Industrial companies are gaining a bid as government spending is expected to result in a healthy dose of activity. One of these Canadian stocks that is riding this momentum to near all-time highs is Finning International (TSX:FTT).
Finning is a global dealer and distributor of Caterpillar products. As a full, end-to-end Caterpillar service company, it not only sells and rents Caterpillar machinery but also provides parts and services for equipment and engines. Finning services the mining, construction, petroleum, forestry, and power system application industries and has operations worldwide. The company’s primary base of operating includes Canada, South America, UK, and Ireland.
Over the past year, the company’s share price has been white-hot. Finning’s shares have climbed by approximately 67% and are just shy of the all-time high close of $34.77 achieved back in February of 2018.
The question is, can it sustain enough momentum to finally break the $35.00 range and run into the 40s? Finning has been here several times before.

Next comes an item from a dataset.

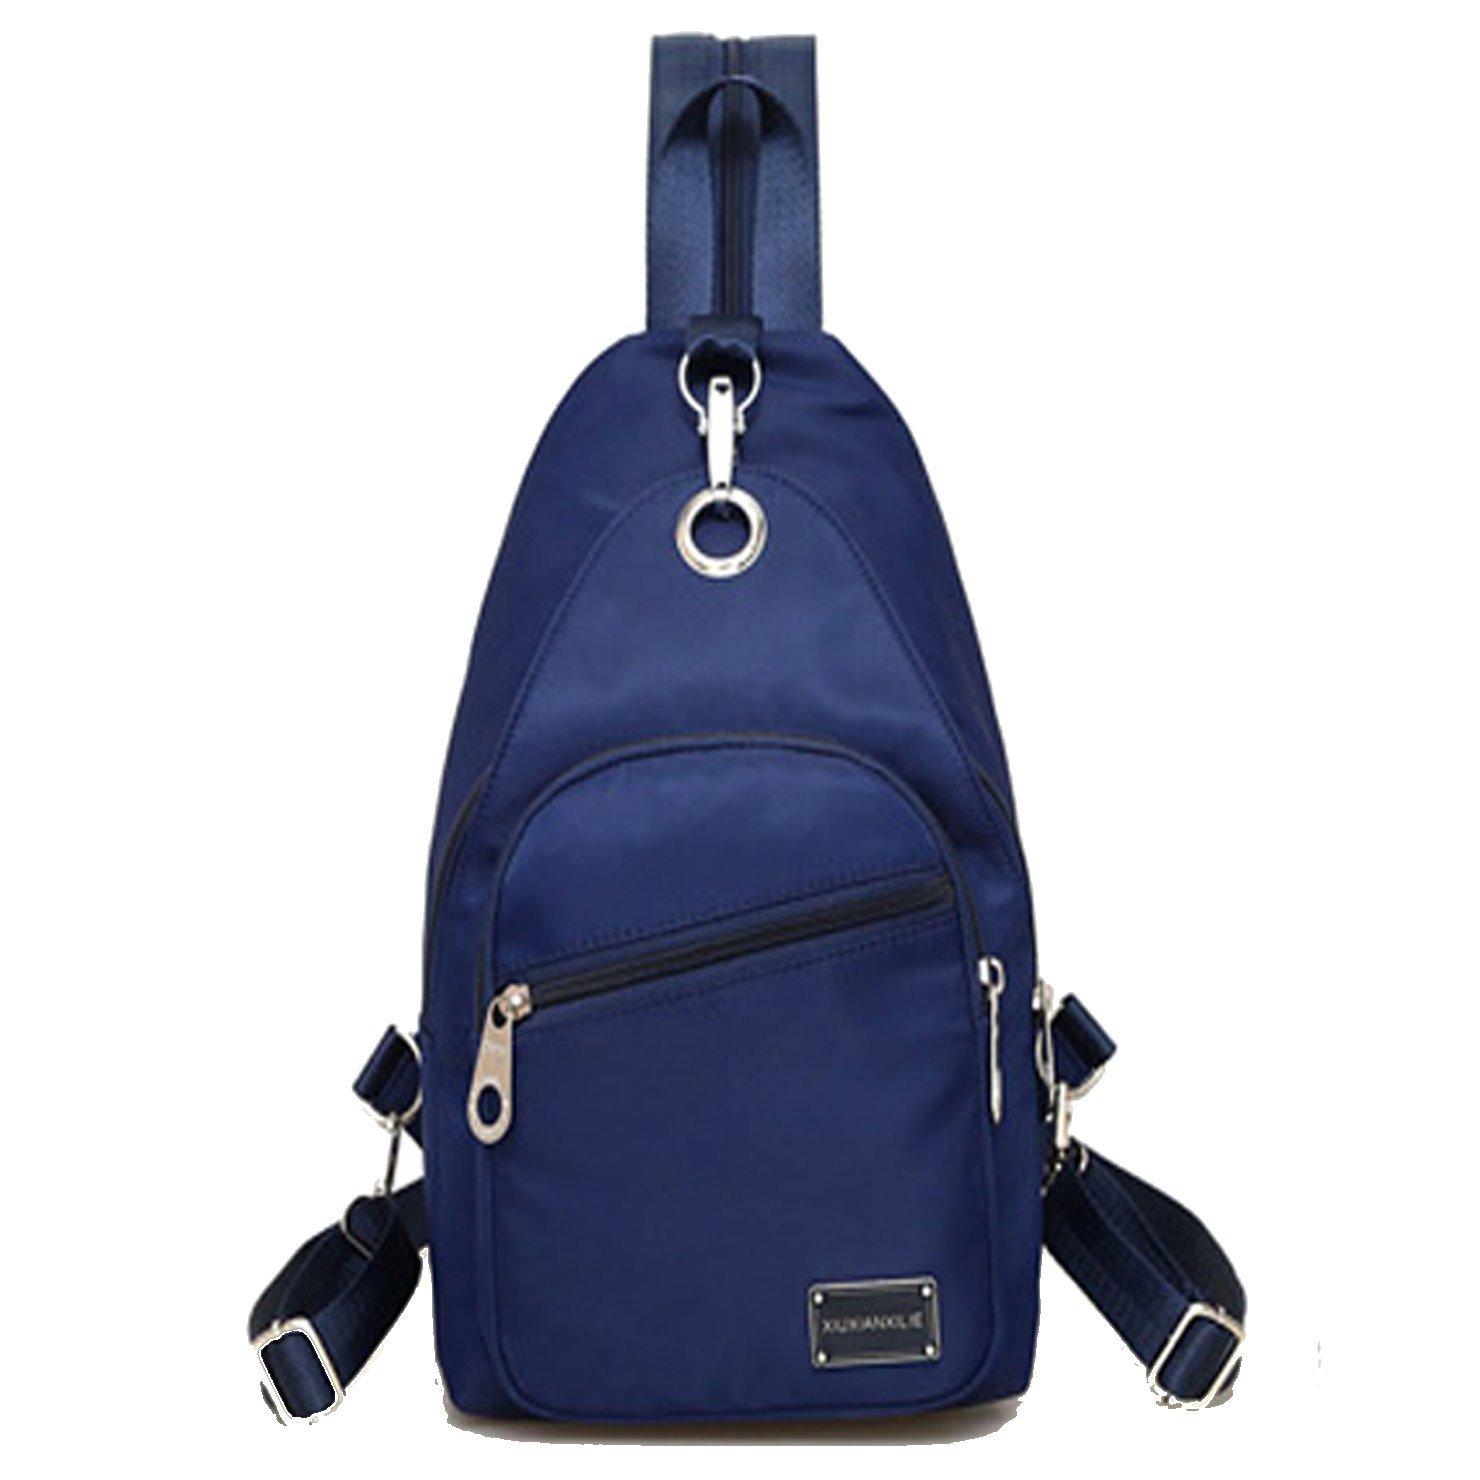 f0db102547f3 Amazon.com  Lustear Sling Bag For Men   Women Crossbody Backpack (Navy  Blue)  Shoes

If you take a look at its chart, you’ll notice that Finning has bumped up against these levels three times before (2007, 2014, 2011).
Market Cap: $5.38 billion
Forward P/E: 19.53
Dividend Growth Streak: 19 years
Payout Ratio (Earnings): 71.93%
Payout Ratio (Free Cash Flows): Premium Members Only
Payout Ratio (Operating Cash Flows): Premium Members Only
1 Yr Div Growth Rate: 0.00%
5 Yr Div Growth Rate: Premium Members Only
Stocktrades Growth Score: Premium Members Only
Stocktrades Dividend Safety Score: Premium Members Only
In each instance, the company suffered a pretty significant setback that sent its share price crashing back into the teens. This isn’t exactly a chart that instills confidence. On the bright side as the saying goes, “the past is not an indication of future success”.
What will the future bring?
Well let’s start with company valuation. Finning is currently trading at around 23.5 times earnings, 2.5 times book value, and has a PE to growth (PEG) of 1.28. In each case, while they are above the company’s historical averages, they are slightly below the industry averages.
The company looks particularly attractive against Toromont (TSX:TIH) which we consider its main competitor in the space.
While the valuation does look attractive against comparable companies, it is important to question whether or not this valuation is justified. The company’s growth profile hasn’t been great. In fact, it generated less revenue in 2020 than in did back in 2014. Quite simply there has been a lack of consistency as the company operates in a cyclical industry.
Analysts estimate that annual earnings per share will only top 2019 levels in 2022 and that revenue won’t top pre-pandemic levels until at least 2024. Those are some pretty long recovery timeframes. Couple this with the fact Finning is trading above 3YR and 5YR historical averages, investors should proceed with caution.
What about that dividend?
While valuation may be of concern, Finning is one of the most reliable dividend growth stocks in the country. It is a Canadian Dividend Aristocrat/All Star and has a 19-year dividend growth streak. This is tied for the 15th longest streak on the country.
While dividend growth has slowed in recent years, the streak is quite impressive given the inconsistent growth the company has experienced. It sports a decent yield (2.45%) and has also kept a respectable payout ratio over the years (high 50s).
There is no question that Finning has been a rock solid income stock. If you are researching in search of excellent income stocks, you could also look at players within Canada’s finance sector, like The Royal Bank of Canada (TSE:RY).
All things considered, Finning is a stock that is currently riding a wave of positive momentum. While this momentum could take the company into blue sky territory, investors should approach with caution. It appears much of the good news has already been baked into the share price.
Analysts only have a one-year price target of $35.21 on the stock which I think is quite reasonable. This implies mid, single digit upside from today’s price.
Finning looks like a low reward investment here and given the cyclical nature of the industry, there is a risk of a potential collapse. We’ve seen it many times before, and the future expected growth rates may not be enough to sustain this momentum long term.
Should you be buying this Canadian stock? I’m not sure. It teems a tad bit expensive at the time.